Кольнуло сердце тонко-тонко: Ялань там, отчий дом.
Глянул на друга. Смотрит тот на Полярную звезду, едва ли ниже. Но и ему, наверное, кольнуло сердце. Потому что и сам он, Пётр Николаевич, не деревянный, и сердце его не нейлоновое.
– Лося, Сохатого? Впервые слышу. Всё у них не так, как у нас, – говорю. – Поперёк.
– Не всё, но многое, – говорит Пётр Николаевич. – Несколько веков врозь жили. Не мы от них, а они от нас прятались. Вот и напрятались. Были родными, а теперь…
– Тебе ж они и до сих пор родные.
– Да уж кого… Ну, только Шура.
– А тесть и тёща?
– Эти тоже…
– А остальные?
– Ну не все же… Теперь не прячутся… Если и не троюродные, то двоюродные… А как? Где теперь спрячешься?.. Ну, может, кто-то где-нибудь и затерялся… Агафью Лыкову вон разыскали, как ни скрывалась. Кержачка тоже. Какого толку, не скажу… Пойдём, – говорит Пётр Николаевич, – под рукомойником сполоснёмся, хотя бы штоком погремим.

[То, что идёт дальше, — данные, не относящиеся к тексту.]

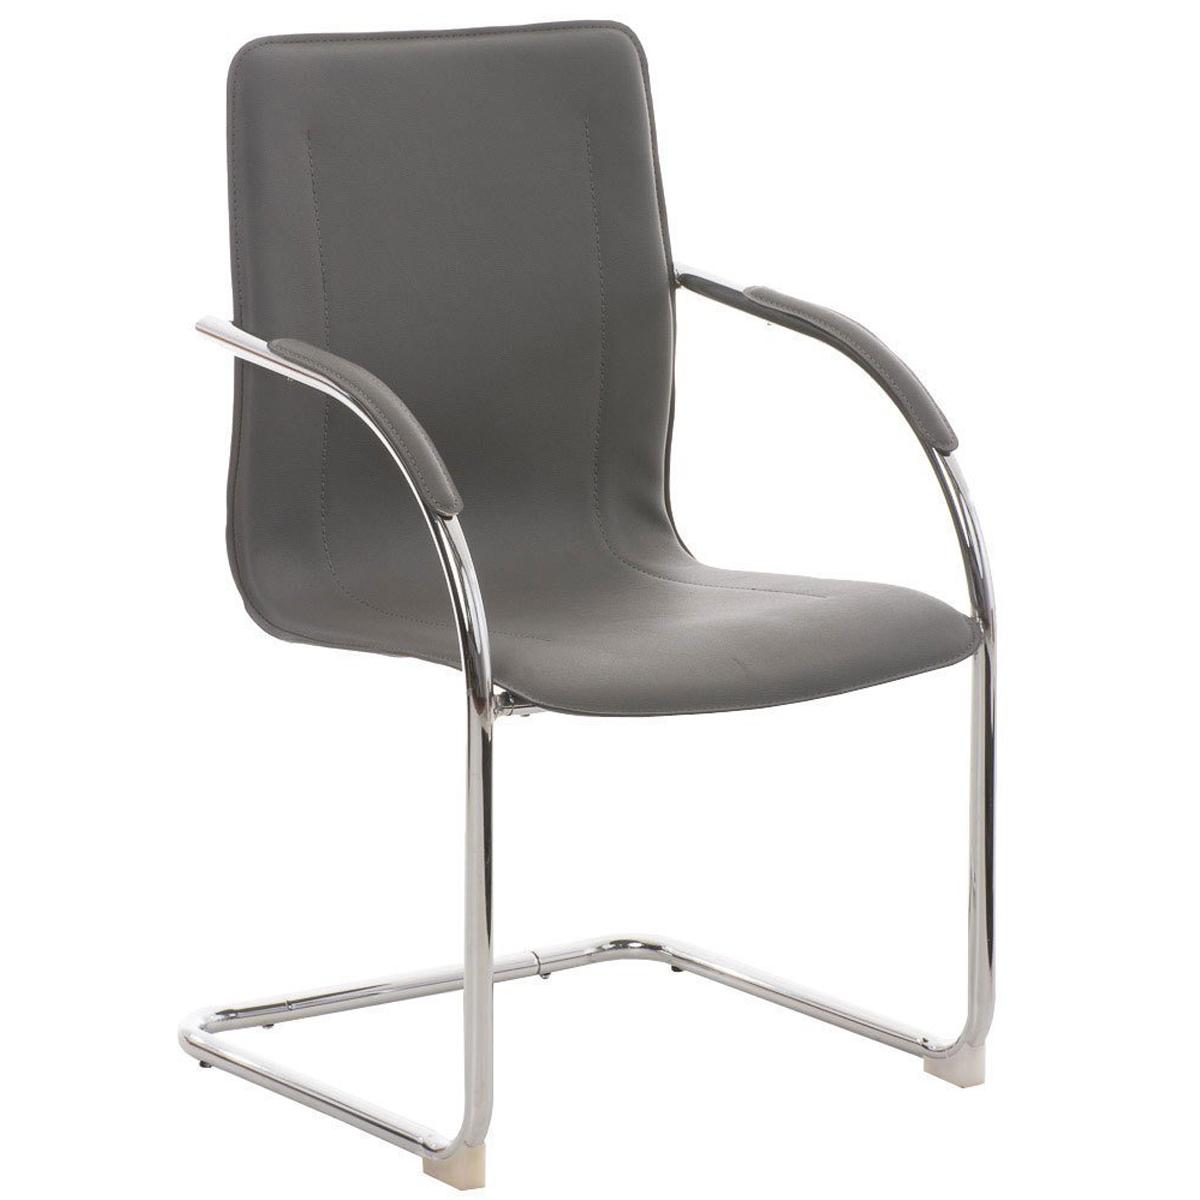 Cadeira de Visita FLAP, Estrutura Metálica, Design Moderno, Em Pele, Cor Cinzento

– Зачем?! – удивляюсь. – Мы ж после бани…
Подошли к столбу, лиственничной опоре навеса, к которому прибит старинный медный рукомойник.
– Баня у них считается поганым местом. После неё необходимо помыть руки, шею и лицо, – говорит Пётр Николаевич.
– Интересно, – говорю я.
– Не то слово. Но в чужой монастырь, сам знаешь…
– Знаю, знаю… В баню ходить, чтоб опоганиться. Ну, чудеса.
– Ещё какие. Но вот живут – не хуже нашего.
– И слава богу.
– Пусть живут.
Штоком погремели.
Постояли ещё, полюбовались тихим вечером. Воздухом, настоянным на запахах прикетских низменных еланей и безбрежной прикетской тайги, подышали.
Направились в дом.
Горит в горнице лампа.
– С лёгким паром! – говорит Артемон Карпович, резко поднимаясь со скамейки. – С лёгким паром, гости дорогие.
– С лёгким паром! – говорит Улита Савватеевна.
– Ох, спасибо, – мы дуэтом. – Ну, спасибо.
Я молчу. Пётр Николаевич добавляет:
– Как будто заново родился.
– Хотел идти уж, попроведать, – говорит Артемон Карпович. – То заждались мы тут с Улитой…
– Да это он всё, Пётр Николаевич… и до утра сидел бы в бане.
– Ну, до утра – уж чё там делать?.. К утру-то выстынет – и льдом покроетесь. Чуть отдышитесь да за стол… Я ненадолго убегу, – говорит Артемон Карпович. – Дизелёк тока заведу, а то совсем стемнят, потом и шарься там на осчупь – глаза оставишь на колу.
– Ну, до утра не до утра, но с полчаса ещё попарился бы… И натопил же ты, Артемон Карпович, – говорит зять тестю.
– Не я топил, Улита Савватеевна. Я тока дров ей наколол.
– Спасибо вам, Улита Савватеевна, – говорю я.
– Не за чё, – говорит Улита Савватеевна. – Печка топила, а не я.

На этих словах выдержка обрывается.